You’ve worked alongside some major names in the past, Childish Gambino and Jessie Ware to name just two, and have built up an impressive repertoire of material throughout your career. Who’s next on the cards for you to collaborate with?
Honestly, I would like to say Pharrell, Disclosure, Kaytranada, Tame Impala, Hoody and The Weeknd, there are so many more that I love too. But I’ll tell you this, If I could only work with producer-artists KLSH, Machinedrum and Jimmy Edgar for the rest of my life, I promise you I’d be perfectly fine.
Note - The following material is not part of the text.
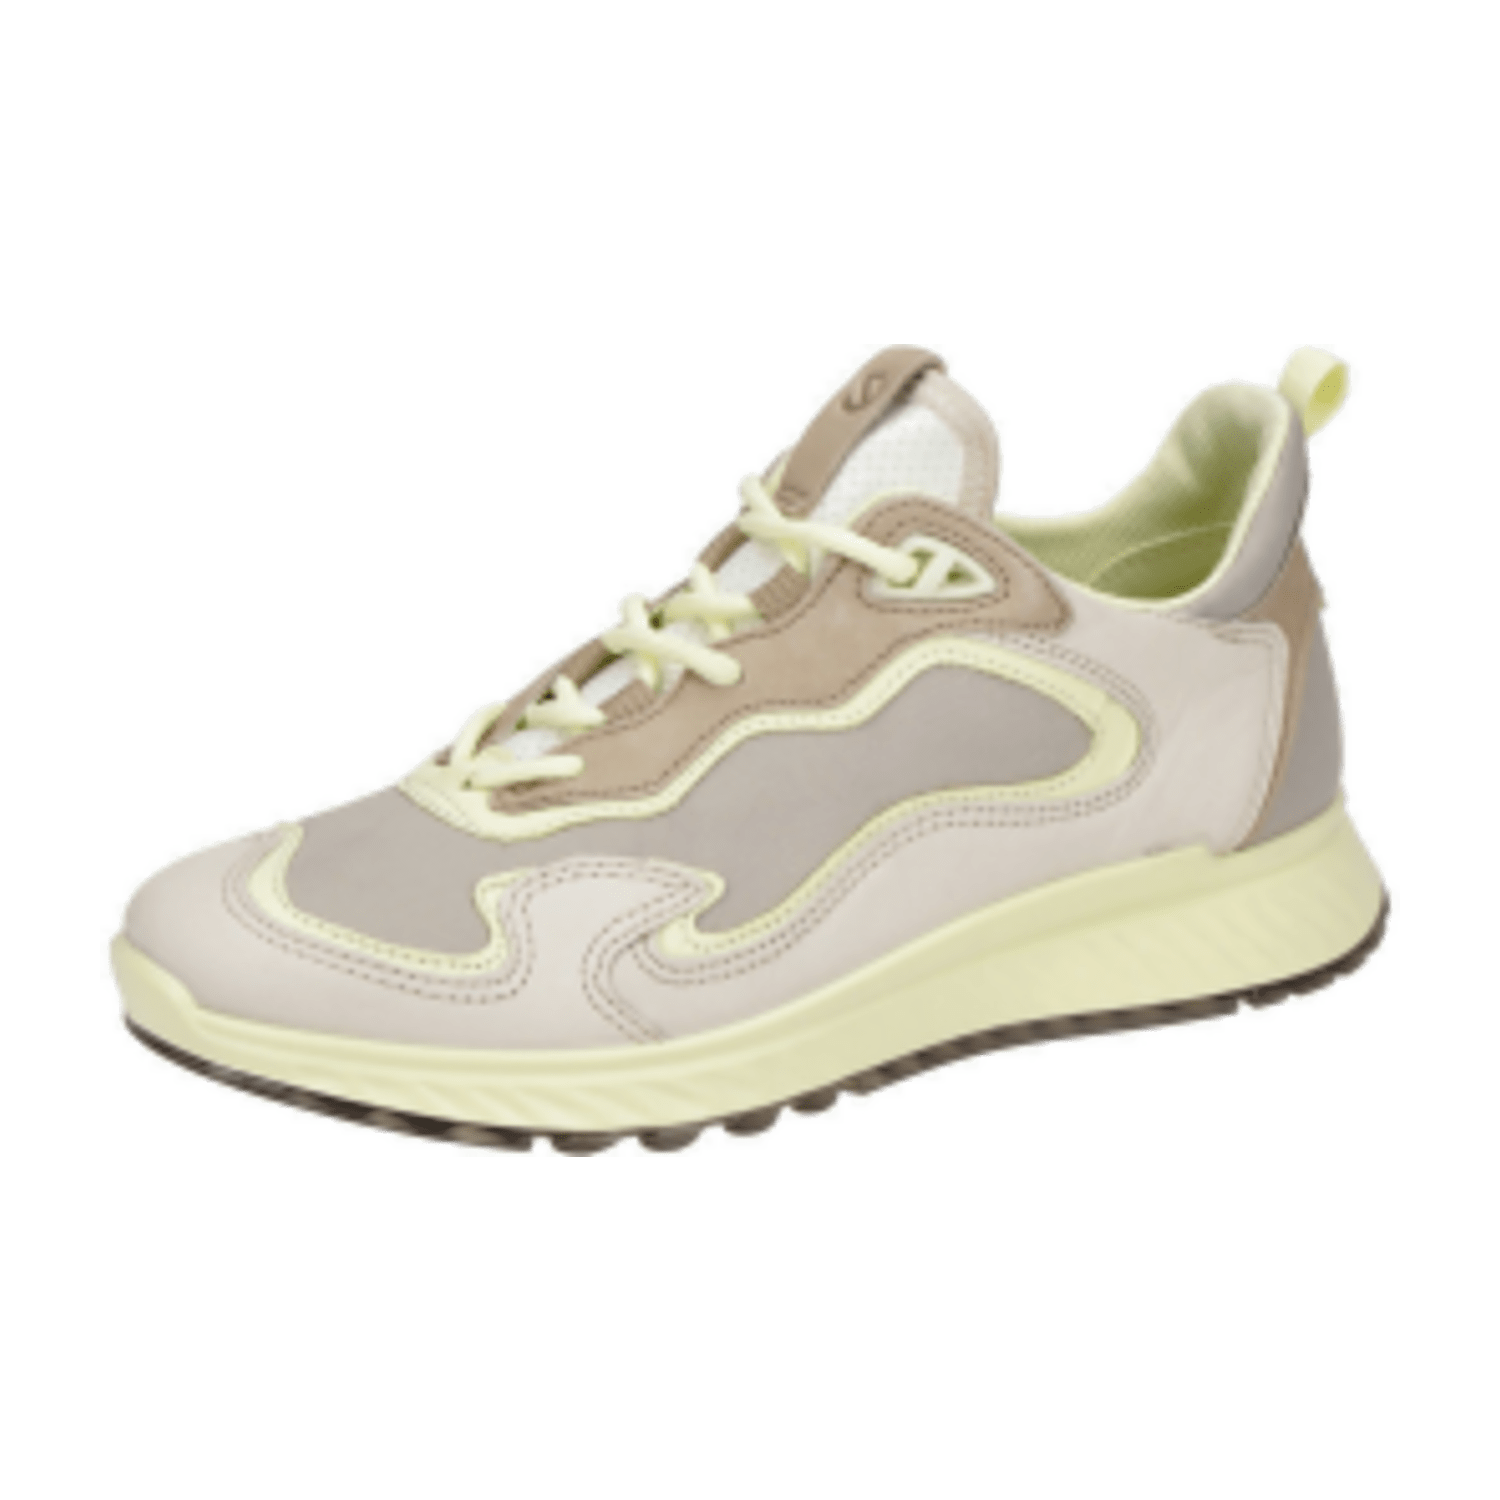 Ecco ST.1 Schuhe Sneaker gelb grau 837843

The past year has of course been different for a multitude of reasons, and the live music scene for instance has had to adapt in such a huge way. How have you found the adaption to more virtual performances?
I’m about to step into these virtual performances now as my music is finally moving around, so we will see! I’m sure it’ll be just as fun and interesting but in a new way. Human interaction is priceless and creates a beautiful dynamic to performances for both the fans and the artist, but we just have to make it work until we have that option again.
It’s been such a loss having not experienced any live music for what now feels like an inordinate amount of time, what are you most looking forward to when things return to a bit of normality?
I’m looking forward to not wearing these 3 sets of sweatpants I've been wearing throughout the pandemic. I’m also looking forward to breathing oxygen in full again and hopefully being able to perform at some massive music festivals, seeing swarms of people blissfully living their lives in the music.
What are your hopes or plans for the future?
I’m not really big on speaking to specifics on future plans before they come to fruition, but I'll say this. My plans are to keep making fire music, big money and living my best life.